My goal is to help you develop and improve your own strategy, enabling you to become successful and profitable. One key area to focus on is improving your risk management skills. Define your risk and reward ratio, such as 1:1 or 2:1.

Rules for Trading

  1. Avoid FOMO (fear of missing out); there will always be another opportunity.
  2. Have a solid reason for entering a trade. Is there good news or a good chart setup? If not, why bother?
  3. Create a game plan before entering a trade. Determine your stop-loss, target, and entry points.
  4. Maintain the mentality that "anything can happen."
  5. Learn to adapt to the market.
  6. Don't be afraid to lose. Remember that you will have more opportunities to make it back.
  7. Trading should be emotionless. Trade like a robot and follow your rules.
  8. Dedicate time every weekend to reflect on your trading performance and make rules to overcome mistakes.

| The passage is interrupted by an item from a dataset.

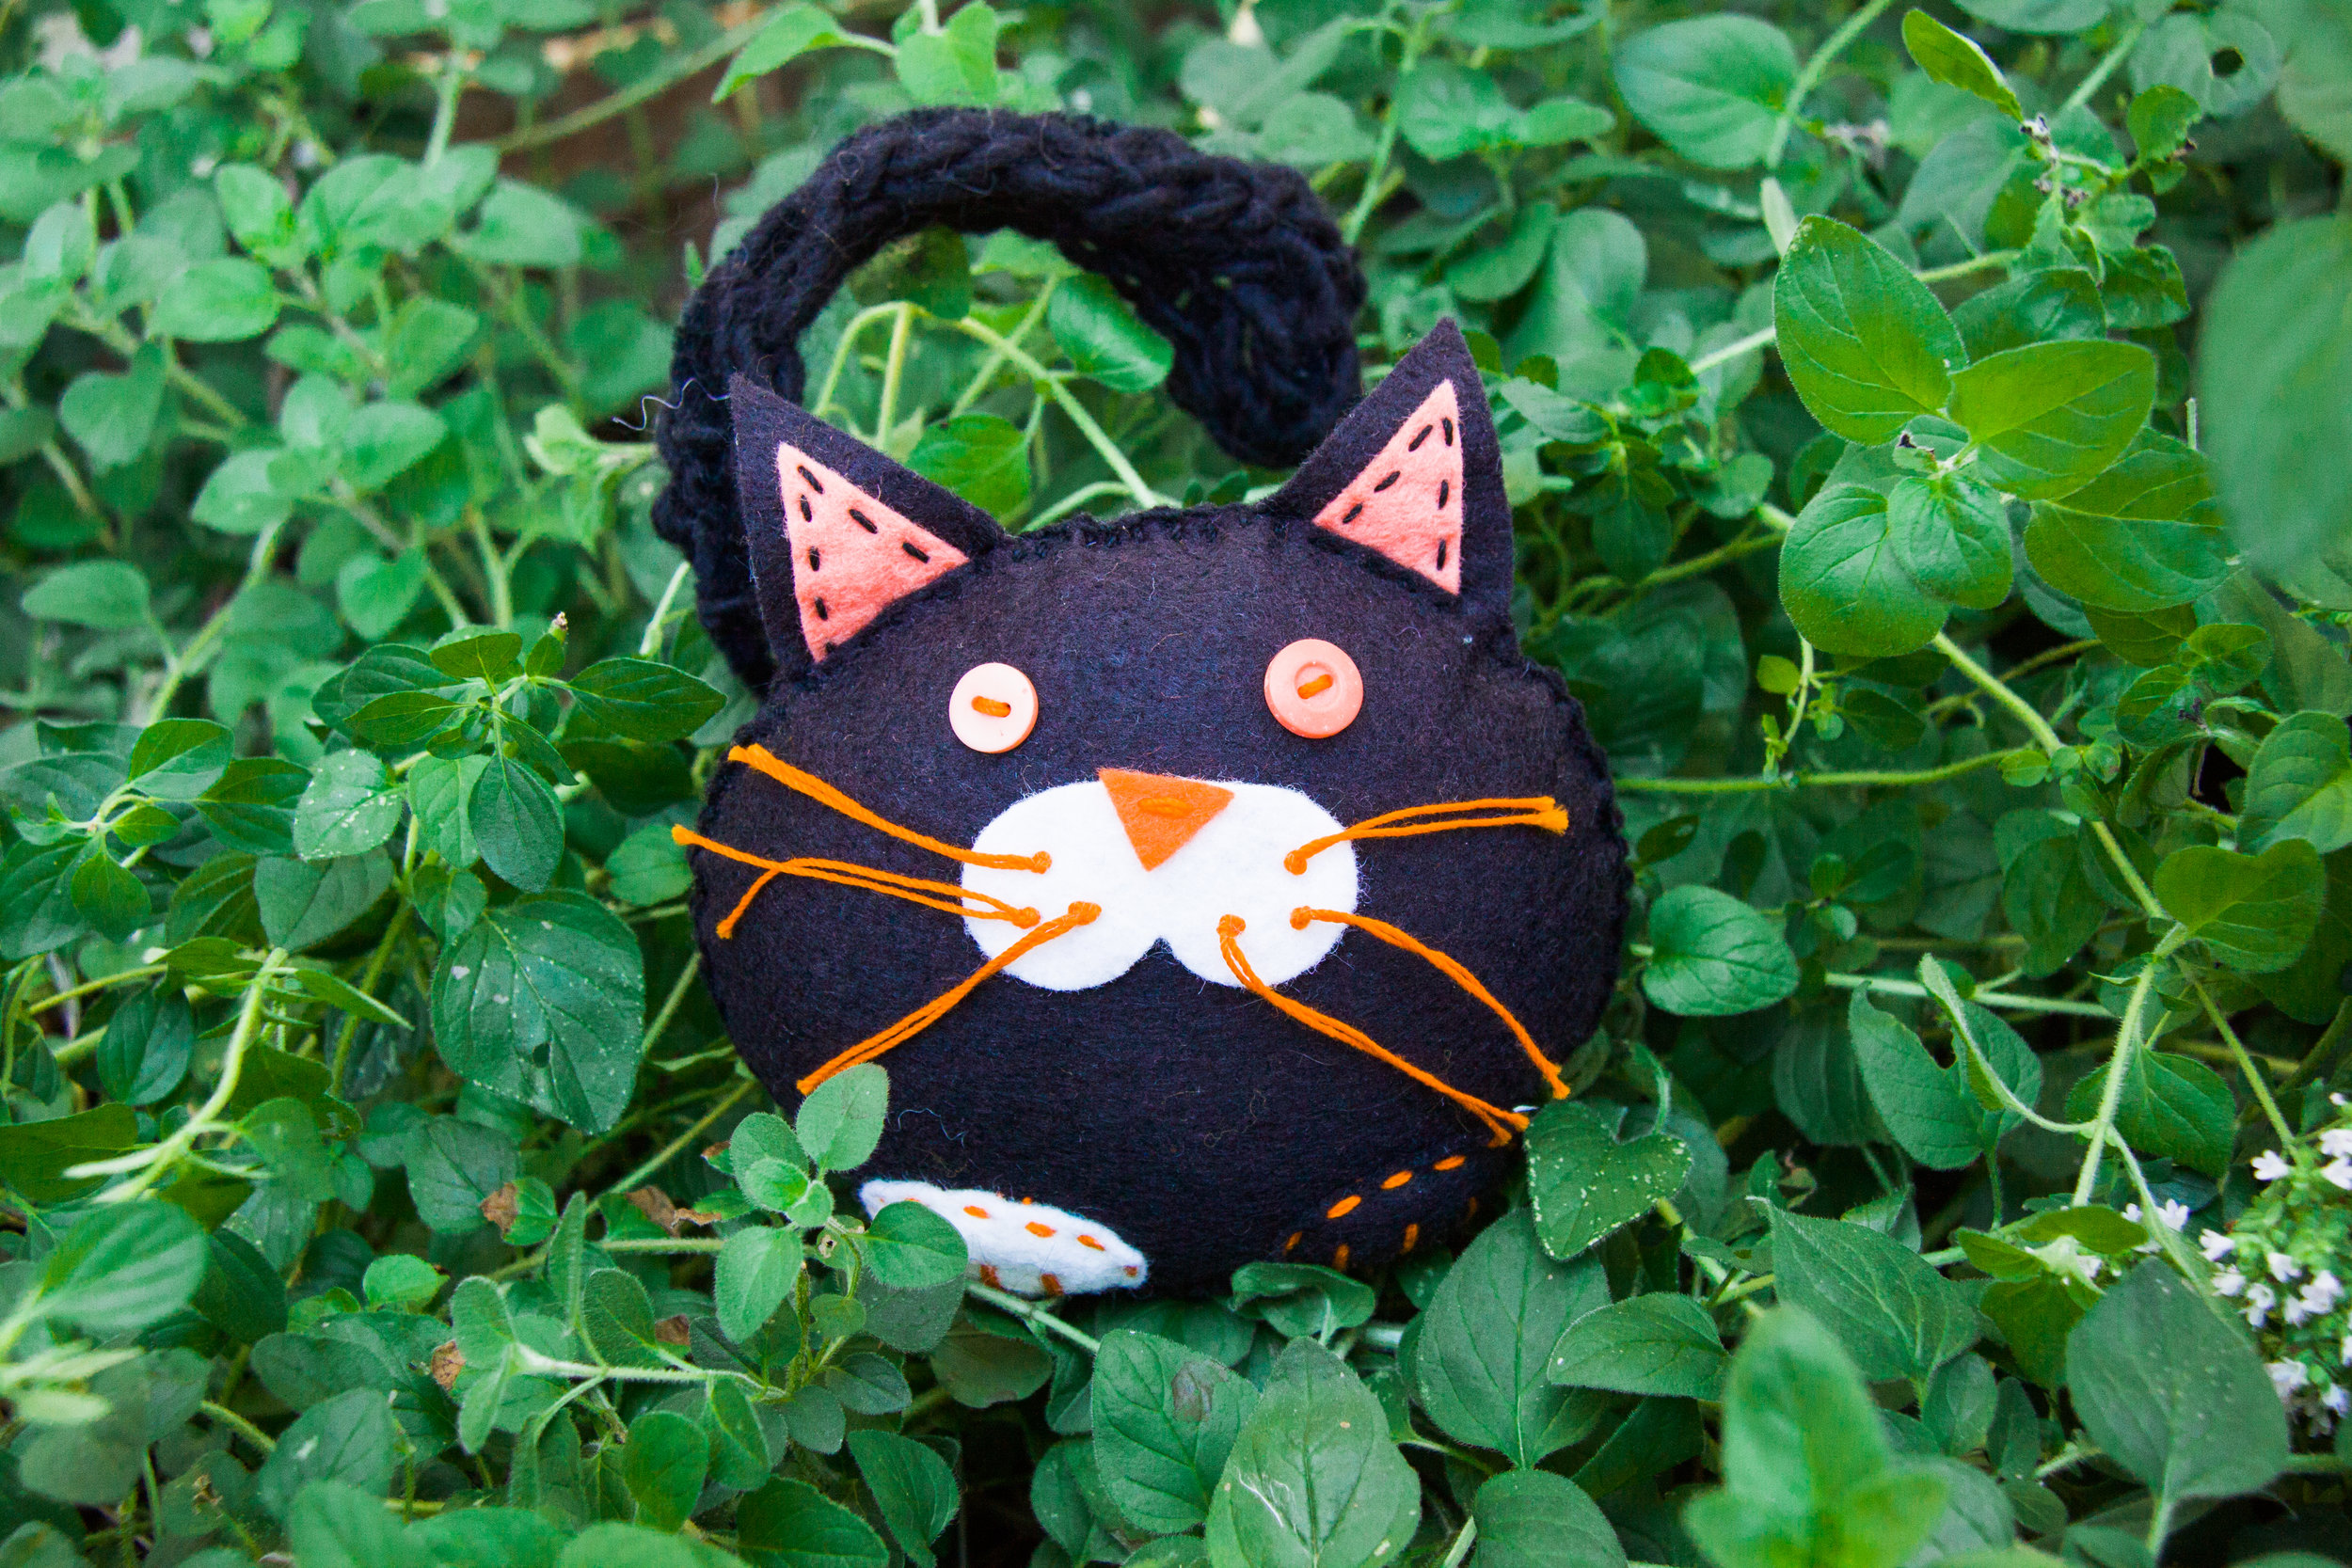 Black cat for Halloween | Autumn crafts the the Forest Fairy Crafts  books by Lenka Vodicka-Paredes and Asia Curry. Handwork and enchanted ideas for children of all ages.

  9. Never go all-in on a trade. If you have a small account, only invest 25% to 33%. If you are confident, you could invest up to 50%, but always keep cash available for double downs and other options.
  10. Avoid looking back, as it can lead to FOMO and regrets, resulting in more bad plays.
  11. Avoid shorting the market unless you need to hedge your portfolio. Generally, the market goes up more often than it goes down. If you must short the market, limit your position to 20% of your portfolio.
  12. Define your risk and reward ratio (1:1 or 2:1) to improve your risk management skills.
  13. Only take setups that you are confident will go well, unless an unexpected variable breaks that setup (e.g., market events, bad news, share offering). This is where your stop-loss comes in.
  14. Develop trade rules for yourself.